> **Dataset content**
# # # # # # #

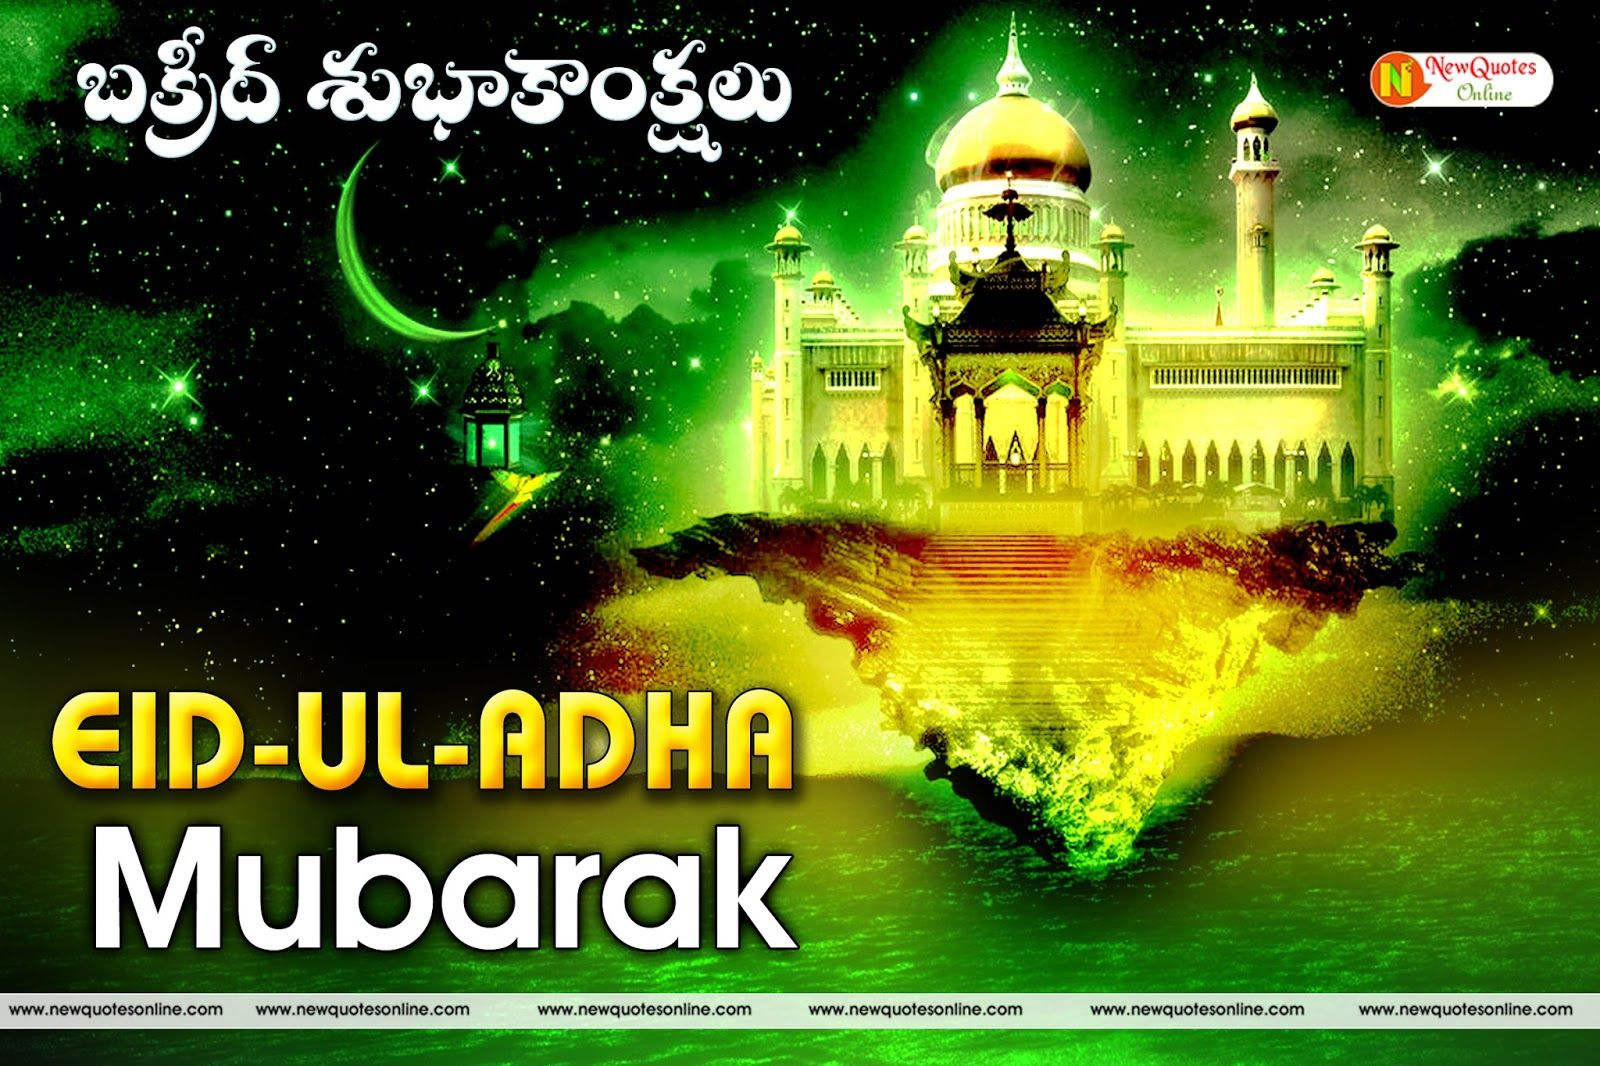 Cute Happy Eid Ul Adha Mubarak Islamic Wish Photos Images
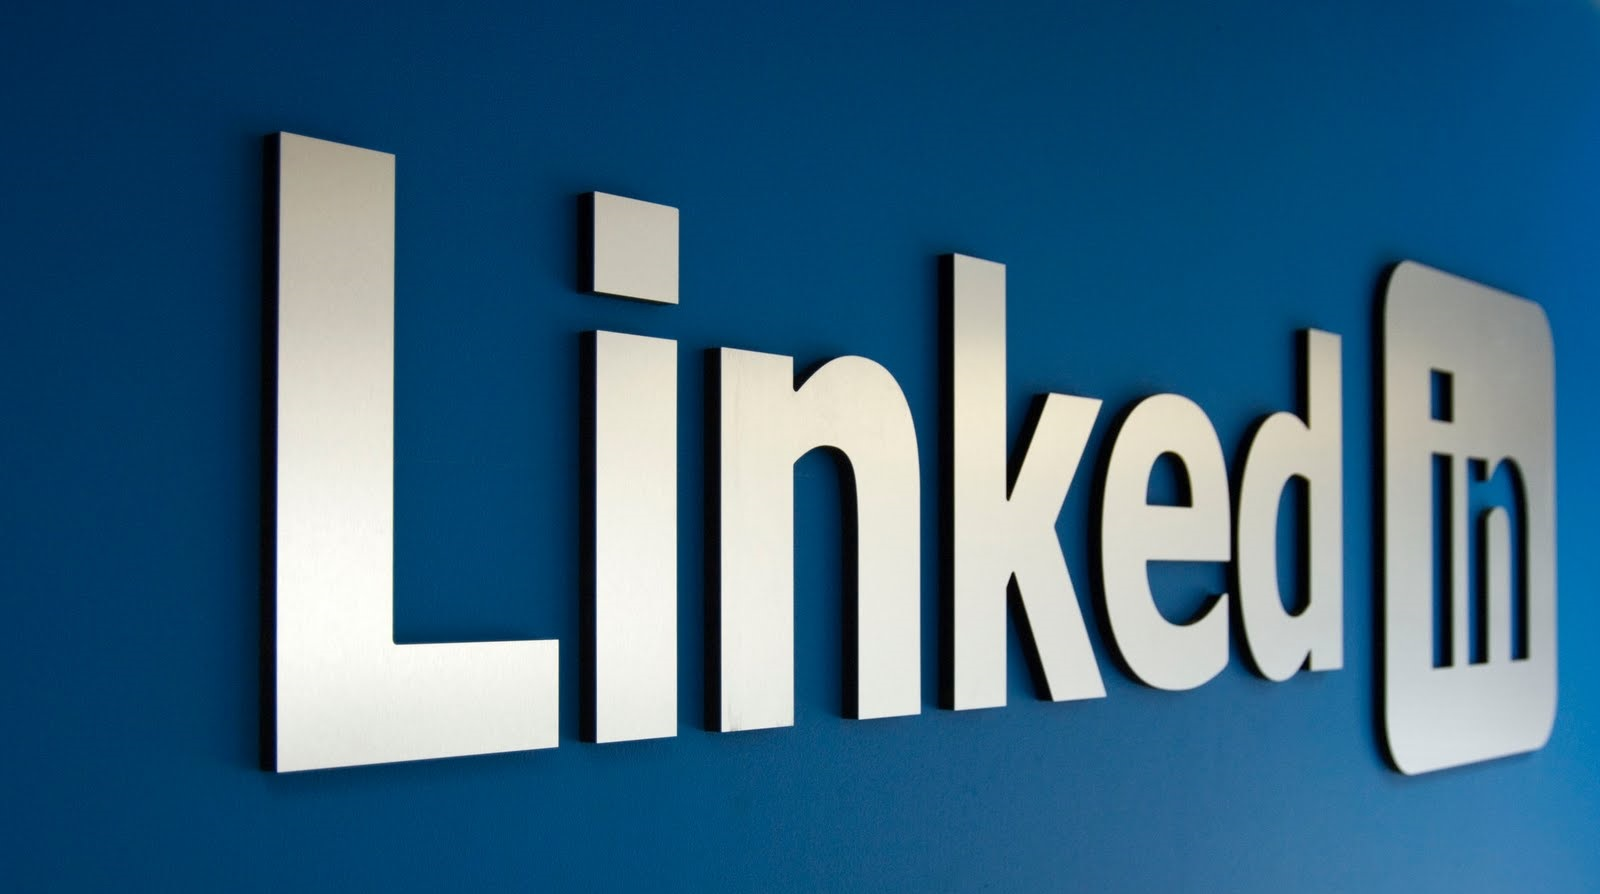 logo portalu LinkedIn
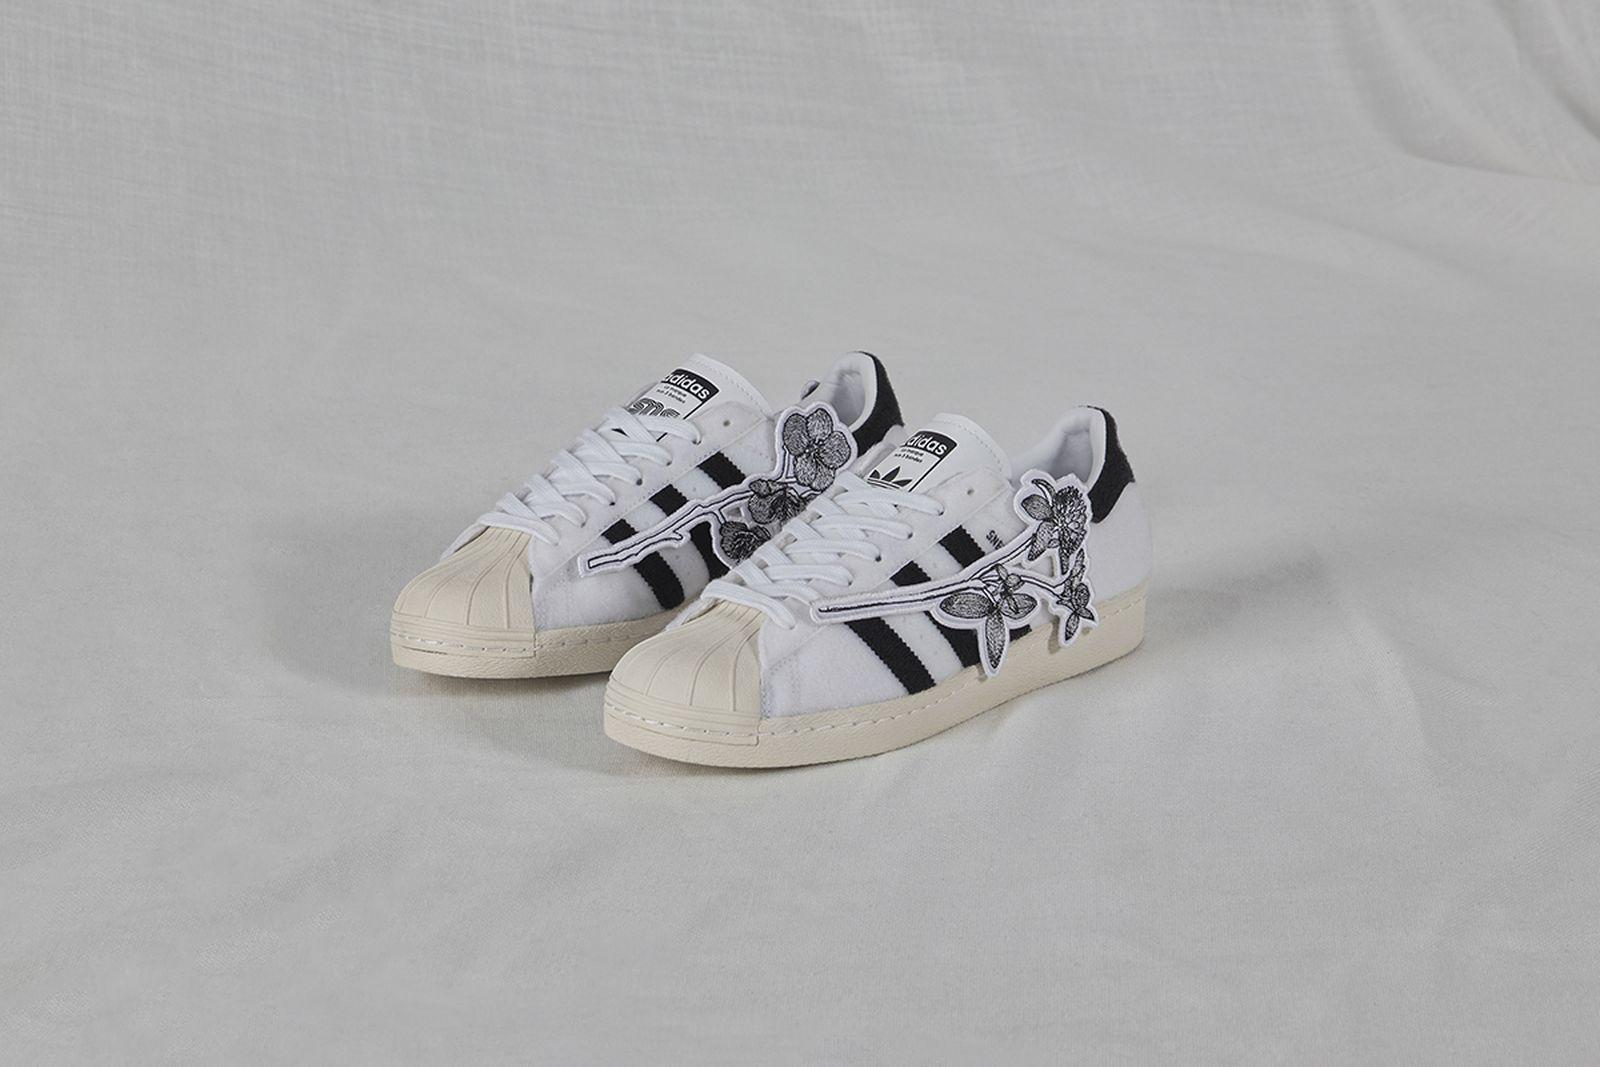 sns-kazuki-kuraishi-adidas-superstar-release-date-price-01
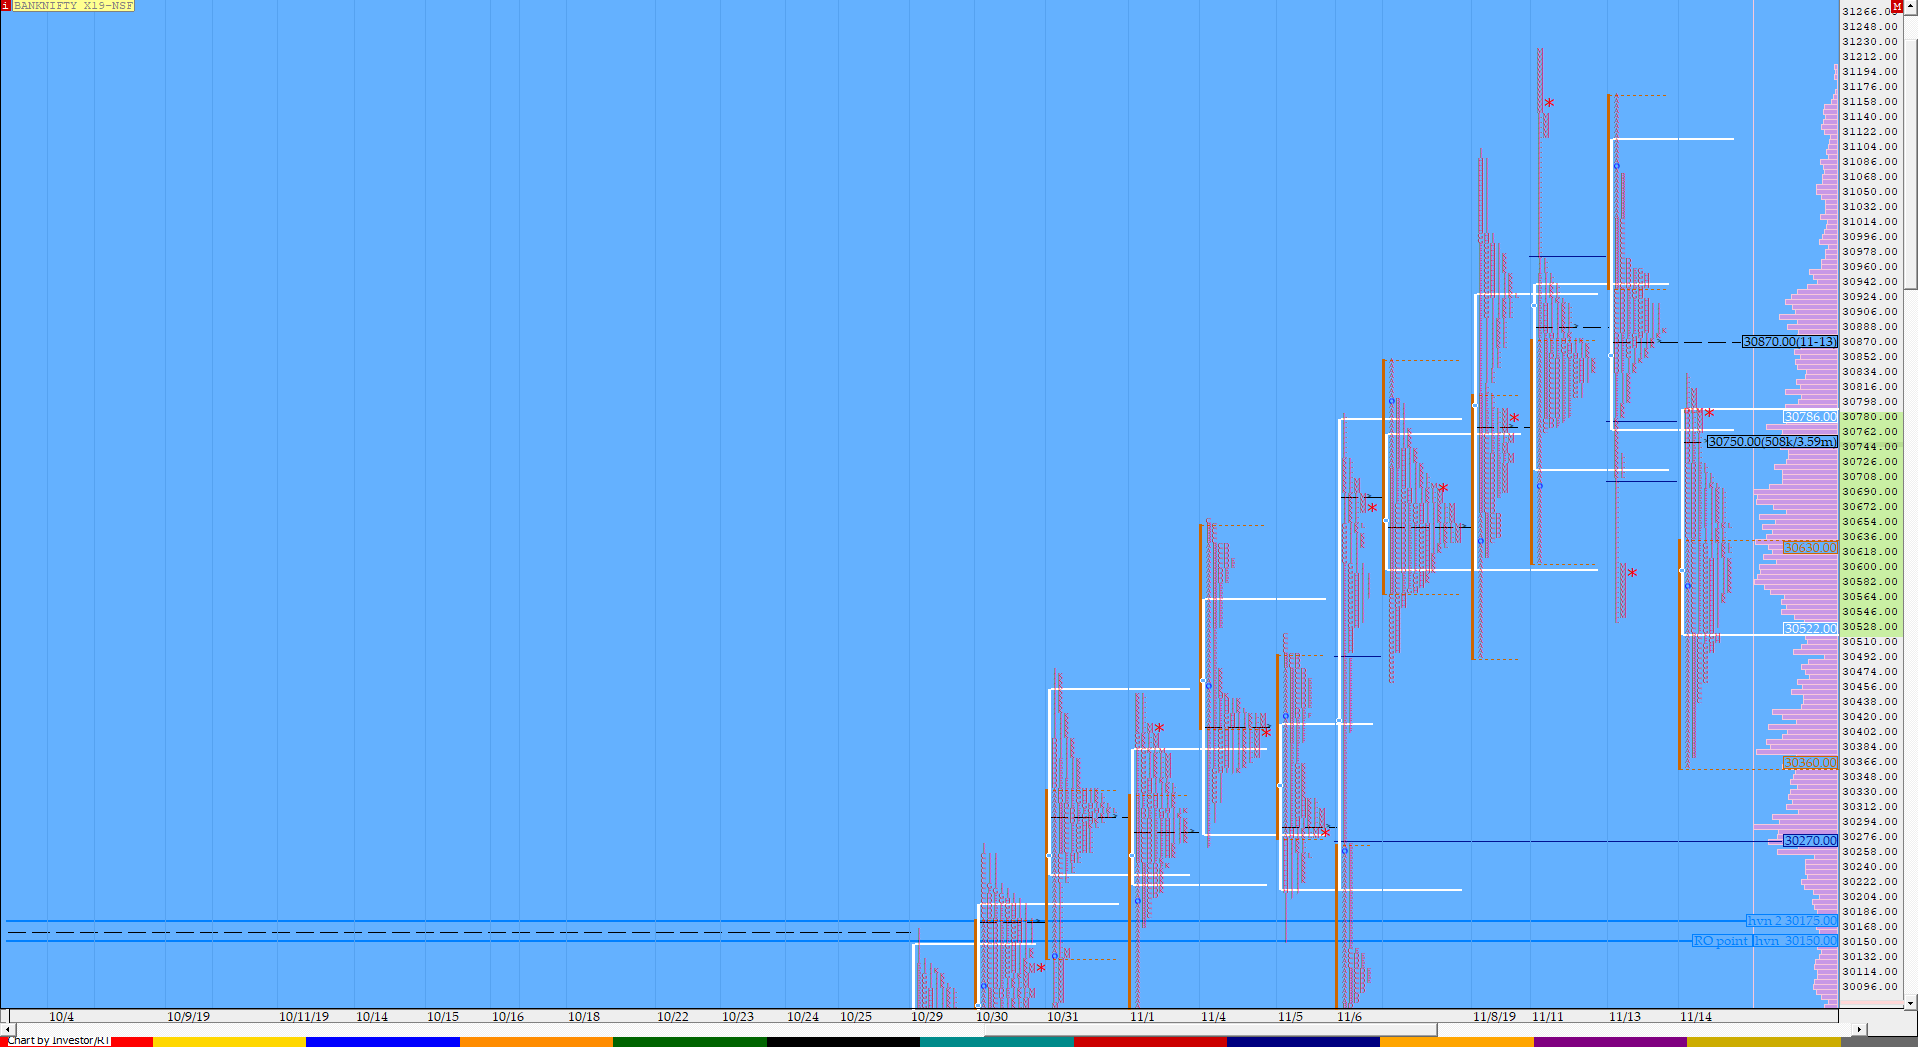 Market Profile Analysis dated 14th November 3

# # # # # # #

> **Work order**
First drop every picture, then print the data above exactly as it stands.

> **Exercise result**
 Cute Happy Eid Ul Adha Mubarak Islamic Wish Photos Images
 logo portalu LinkedIn
 sns-kazuki-kuraishi-adidas-superstar-release-date-price-01
 Market Profile Analysis dated 14th November 3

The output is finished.